I ran 32.55 miles this week! I really started tracking my miles when I created this blog through a few different tools. I use Garmin Connect which is linked to my watch and I also use Daily Mile. Prior to getting my Garmin, I tracked my miles on Map My Run and my iPhone calendar. Daily Mile has a very active community and I really enjoy that motivation. It tracks Sunday to Saturday (EDIT: Daily Mile tracks Monday to Sunday. Sorry everyone!!), while Garmin tracks the last 7 days, and really whatever you want to see (the last year, 30 days, 24 hours, etc.). Since my week starts with a long run on Saturday and ends with a rest day on Friday, I use Garmin to track the weekly mileage. This week I hit over 30 on 4 runs - one being the Southern California Half Marathon on Saturday which was my long run for the week. My pace was much slower than I would like, at an average of 8:00 minute miles, which I will lend to the fact that I had a race to recover from and more hill training this week slowing me down.

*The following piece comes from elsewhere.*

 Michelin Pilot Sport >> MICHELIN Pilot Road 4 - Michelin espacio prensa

I took 2 rest days this week - Sunday after race day and Friday. I wanted to take more, but I'm glad I pushed myself to fit in all of my workouts. These are the weeks when I wonder how all of you marathoners do it over and over. I see 32 miles as a low point in my overall marathon training and get nervous knowing that number will continue to rise.
Monday Leg Day: I started the week at the gym with a leg day. I did squats and lunges, incorporating shoulder work with presses and lateral raises. I always work my abs on days that I'm in the gym. I knew my legs were going to be a little wrecked, so I ran that night.

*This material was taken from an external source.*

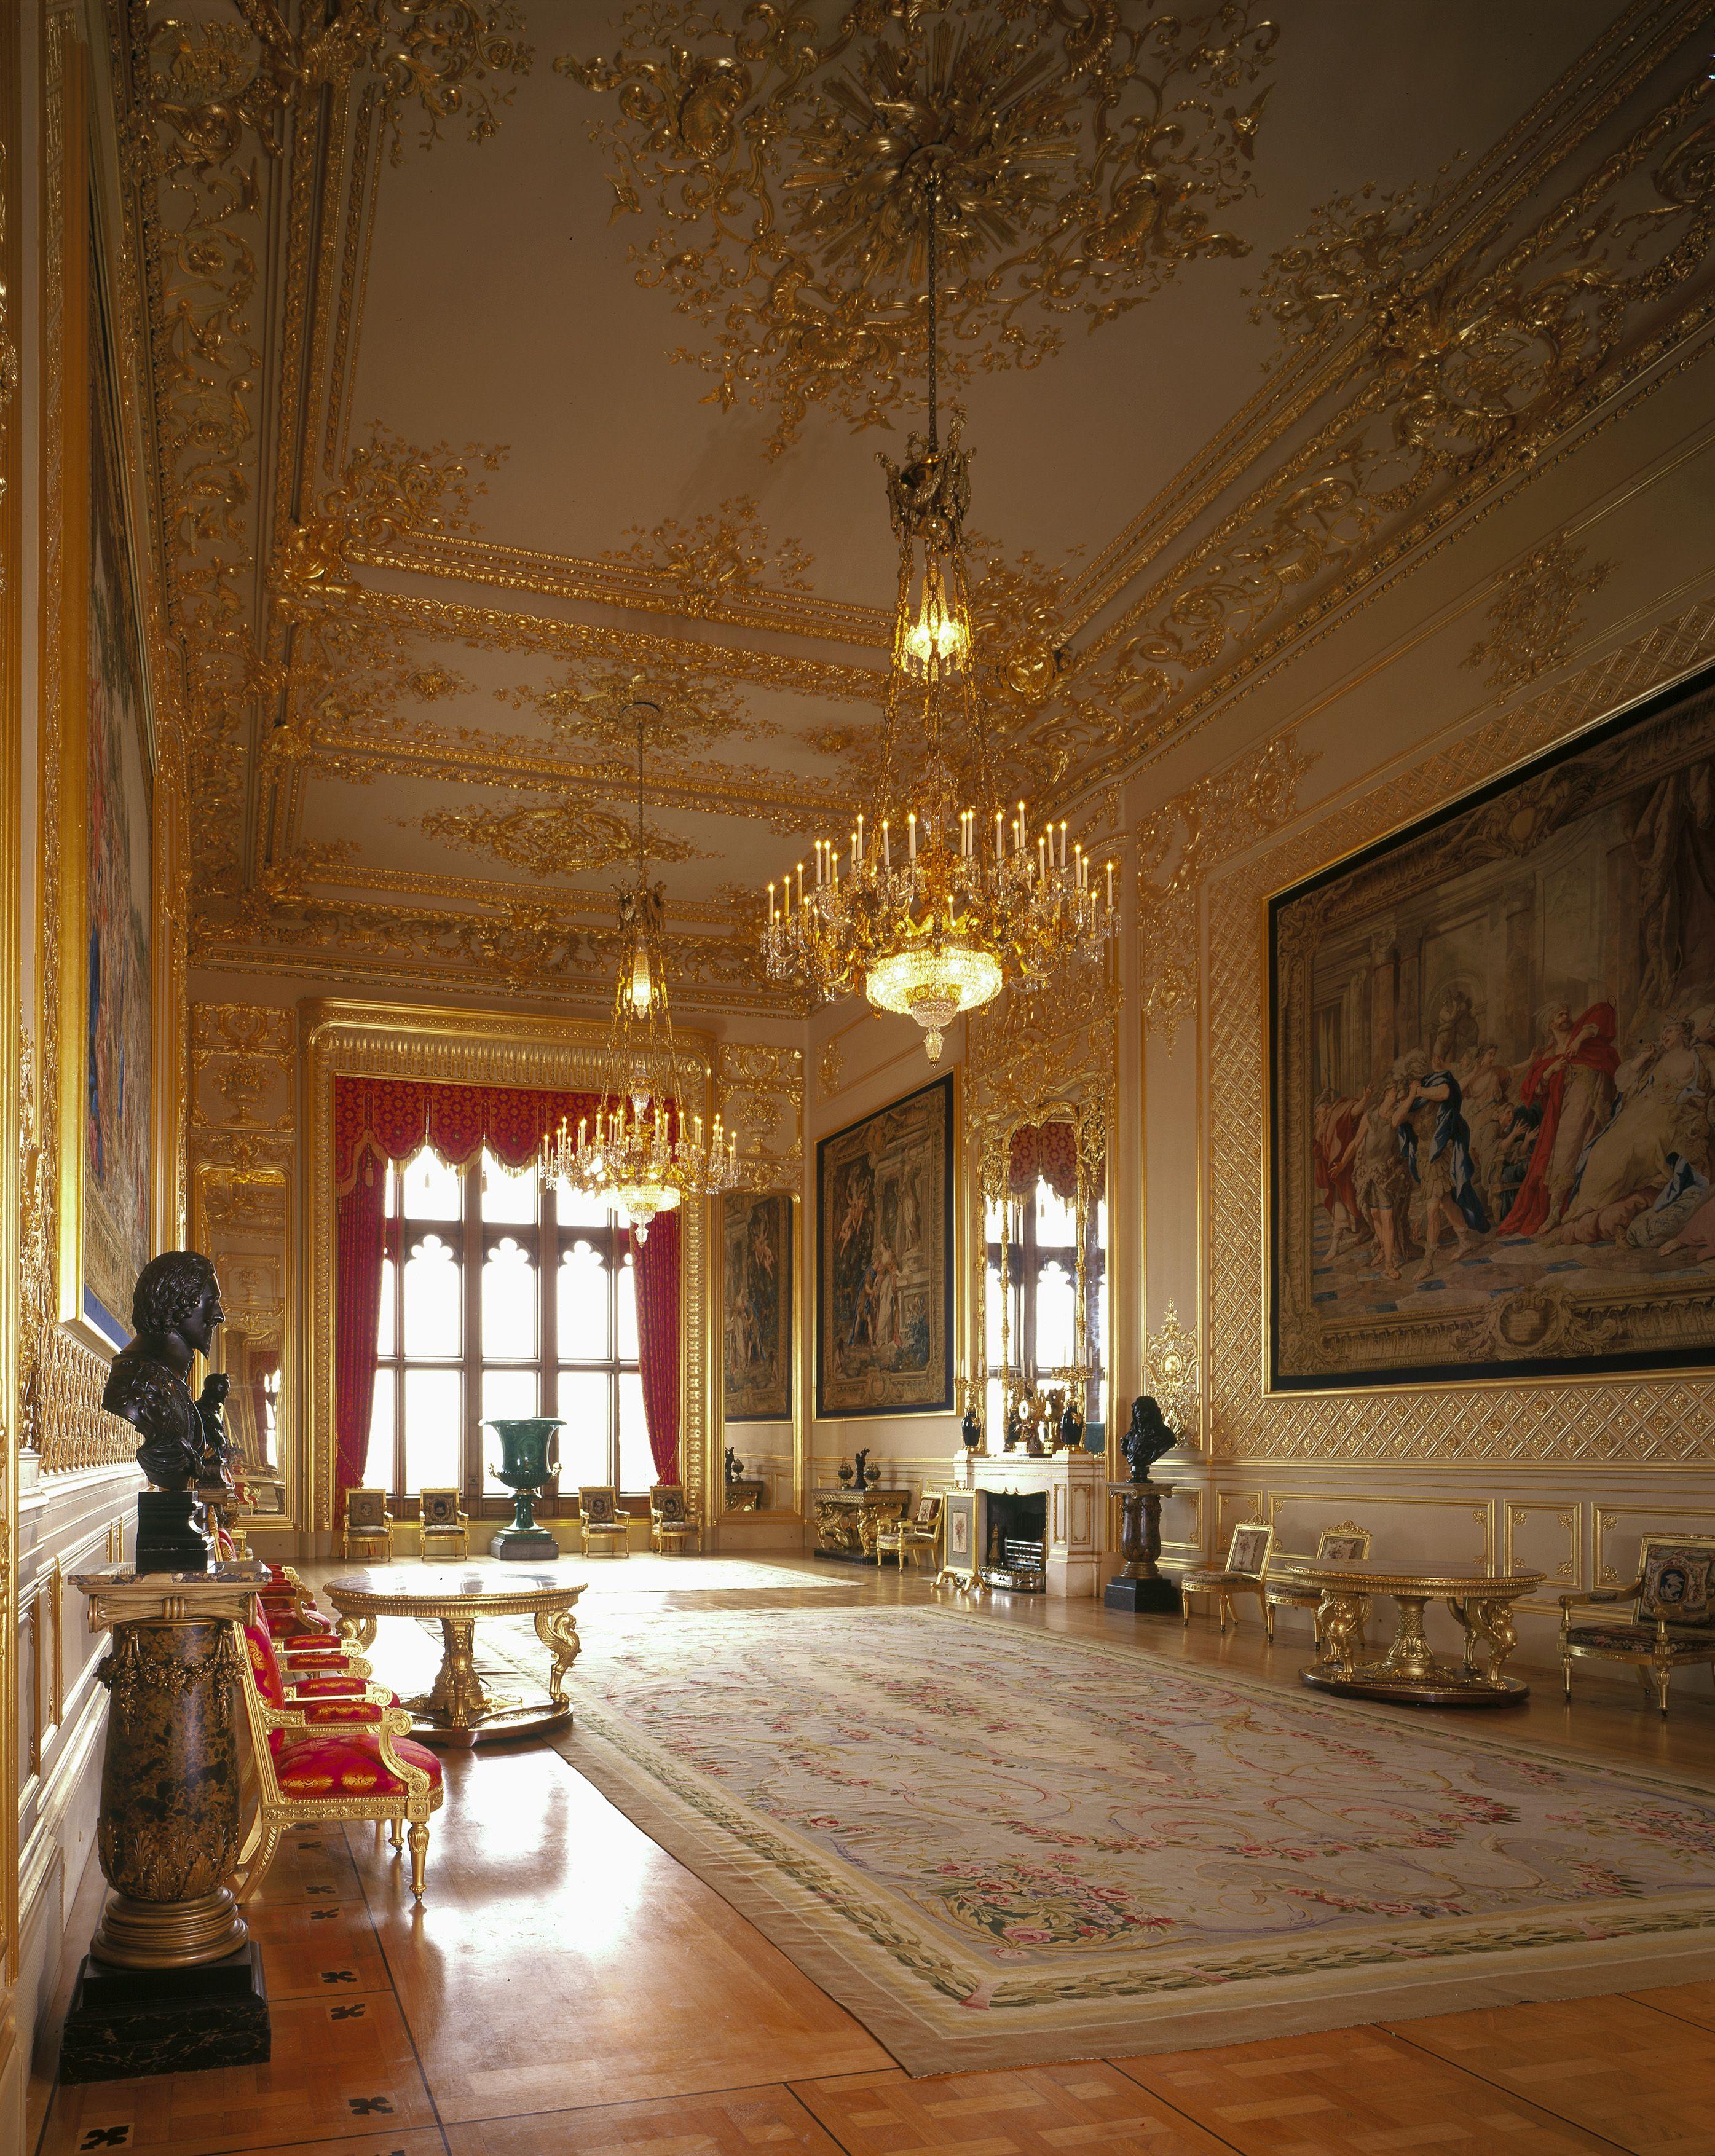 grand reception room windsor castle fit for a king or. Black Bedroom Furniture Sets. Home Design Ideas

Tuesday Spin & Weights: I thought I'd give spin class a try again after a leg day, and it looks like running the same day of my lunging and squat routine really helped my recovery. I was able to last the whole class, and then worked my back and arms for another 45 minutes. Tuesdays would normally be a double day with the gym in the morning, but 4:30 wake up calls hurt sometimes. I was reminded of why I go in the morning - there were so many people there! You end up spending most of your time waiting for a machine to clear up.
Wednesday HILLS BABAY! Second week of hill training was a success. I was exhausted, but resolved to do as many hill repeats as I did last week (7). I did my warm up run and decided I wasn't going to focus on speed, but strength. So, I took the hills at an 8:30 pace and I did 8 repeats. One more than last week! Woot! Then I just decided to add 3.5 miles for a total of 7.39. Now my legs were really sore.
Thursday Weights & Run: Thursday's are the hardest days at the gym. I'm running on less sleep, my brain is tired from work and I just want to be lazy - so getting to the gym in the morning always starts me off on the right foot. Even if I'm not up for it, I still manage a few sets of curls and presses. This week I focused on my shoulders and lats. By the end of Thursdays, I'm ready for the weekend, so my evening run seems overwhelming. I wanted to make it a 7 or 8 miler, but my hamstrings were screaming and I just wanted to get any distance done and over with. This is when I remember how lucky I am to be able to run, so I don't skip it. I ended up getting in 5.5 miles at a moderate 7:58 pace.
Tracking my miles and workouts has really helped me stay on track. If you aren't tracking your miles, I highly recommend using some sort of device to do so - whether Map My Run, Daily Mile, or your device. It helps with staying on track, and seeing your weekly progress (or decline) can help keep you motivated to improve. Community is always helpful, so if you're on Garmin Connect or Daily Mile, lets be friends!
How do you track your weekly mileage?